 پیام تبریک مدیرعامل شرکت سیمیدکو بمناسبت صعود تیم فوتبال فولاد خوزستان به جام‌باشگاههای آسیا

_ _ _

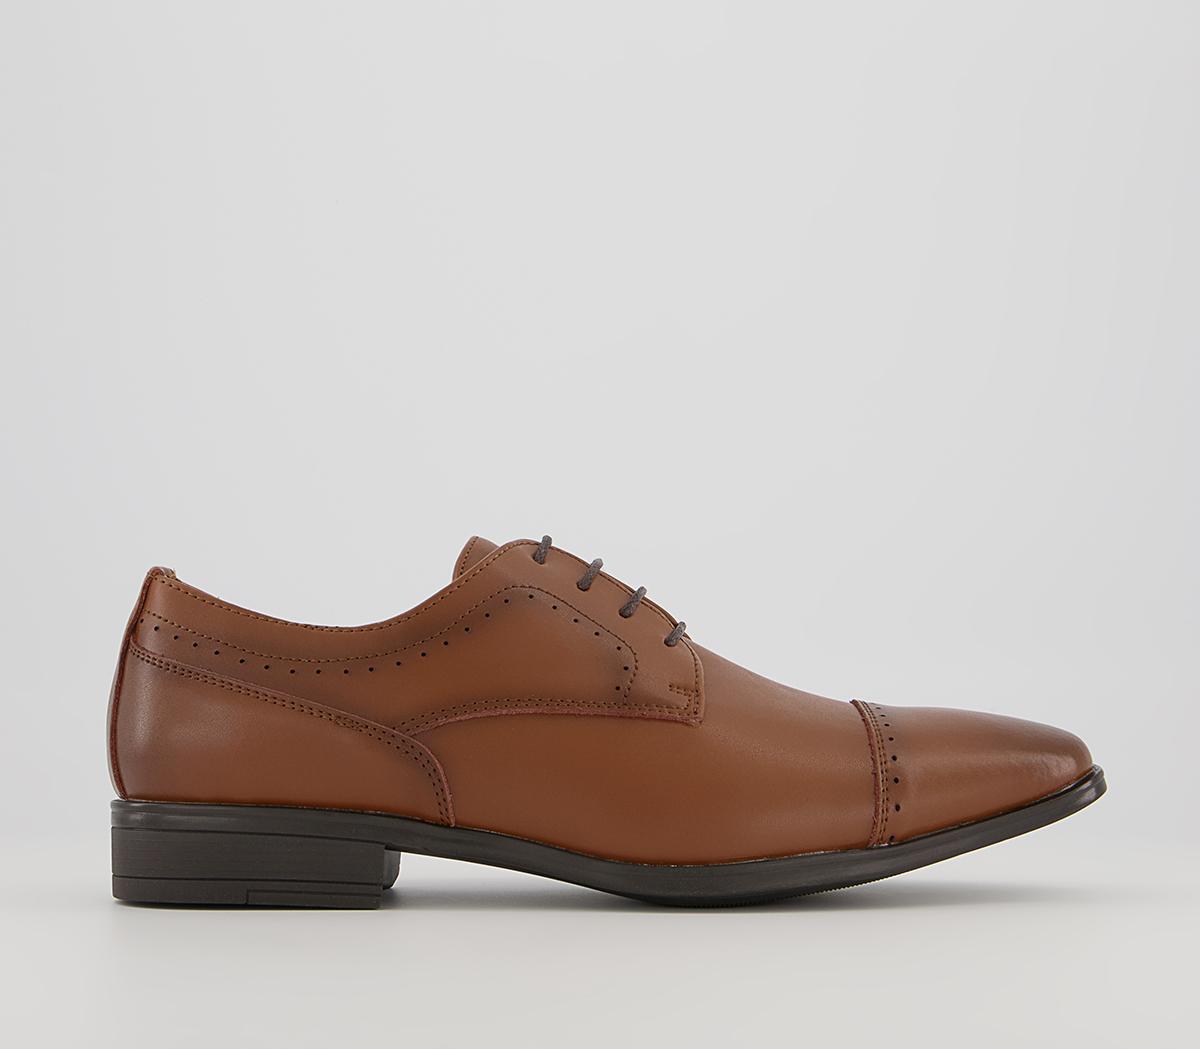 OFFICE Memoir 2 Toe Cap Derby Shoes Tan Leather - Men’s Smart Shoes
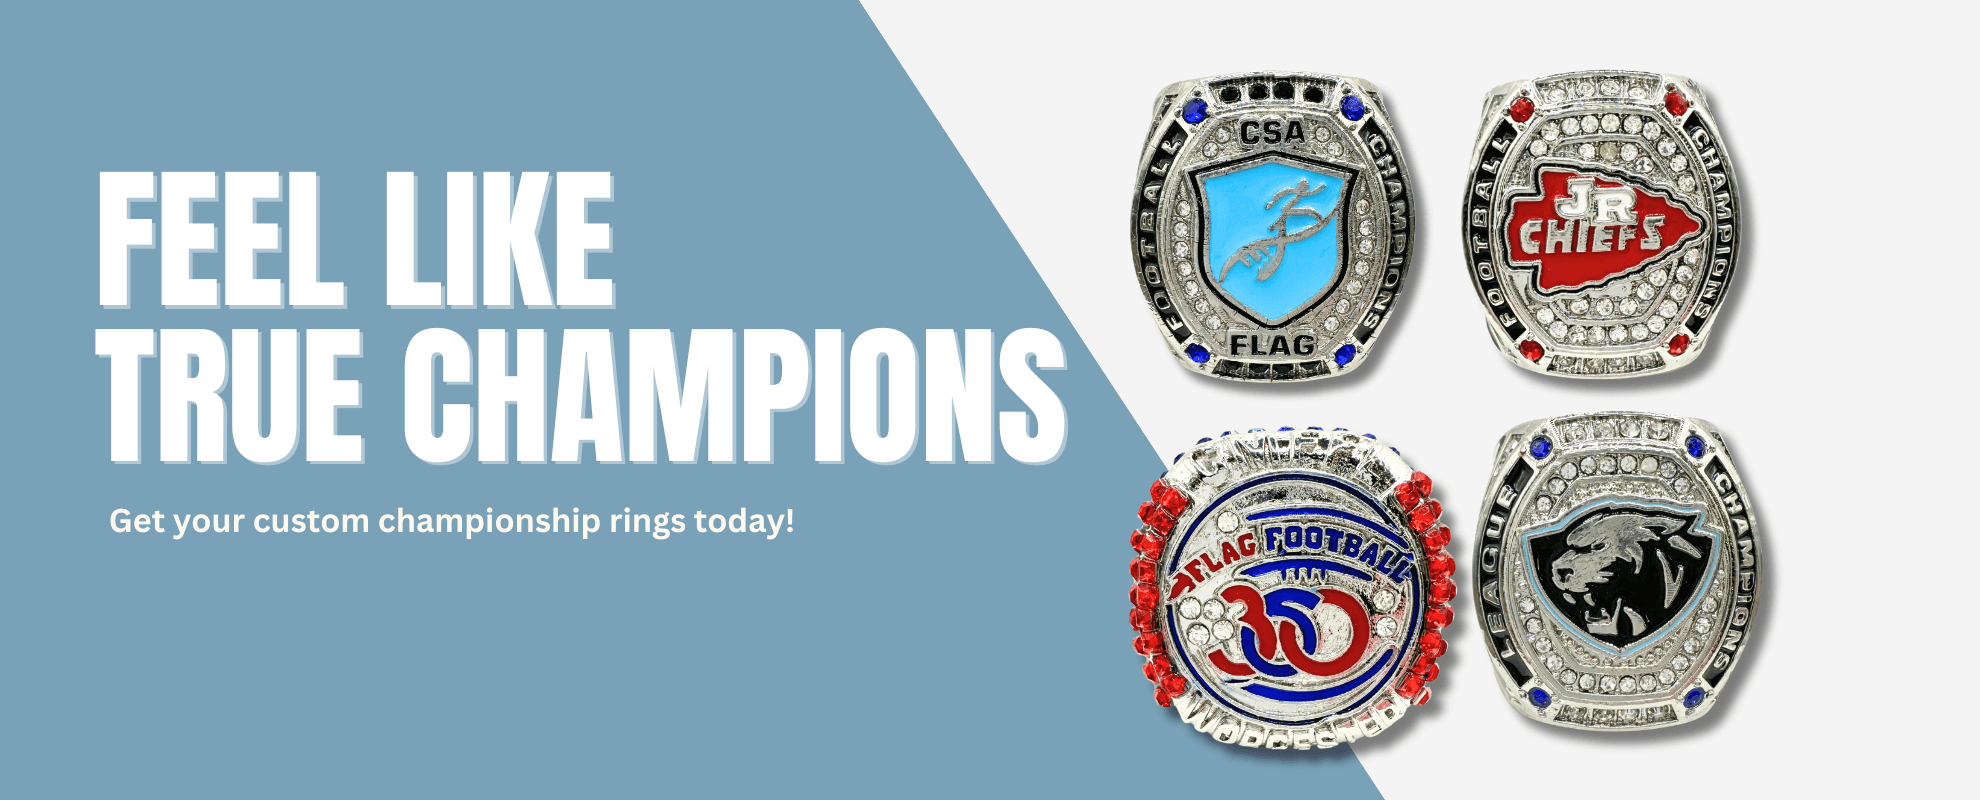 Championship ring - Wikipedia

_ _ _

◆ **What is being asked**: Print, exactly, each line above from the one with "OFFICE Memoir 2" to the one with "Championship ring - Wikipedia", end lines included. Leave pictures out of it.

◆ **Your solution**:
 OFFICE Memoir 2 Toe Cap Derby Shoes Tan Leather - Men’s Smart Shoes
 Championship ring - Wikipedia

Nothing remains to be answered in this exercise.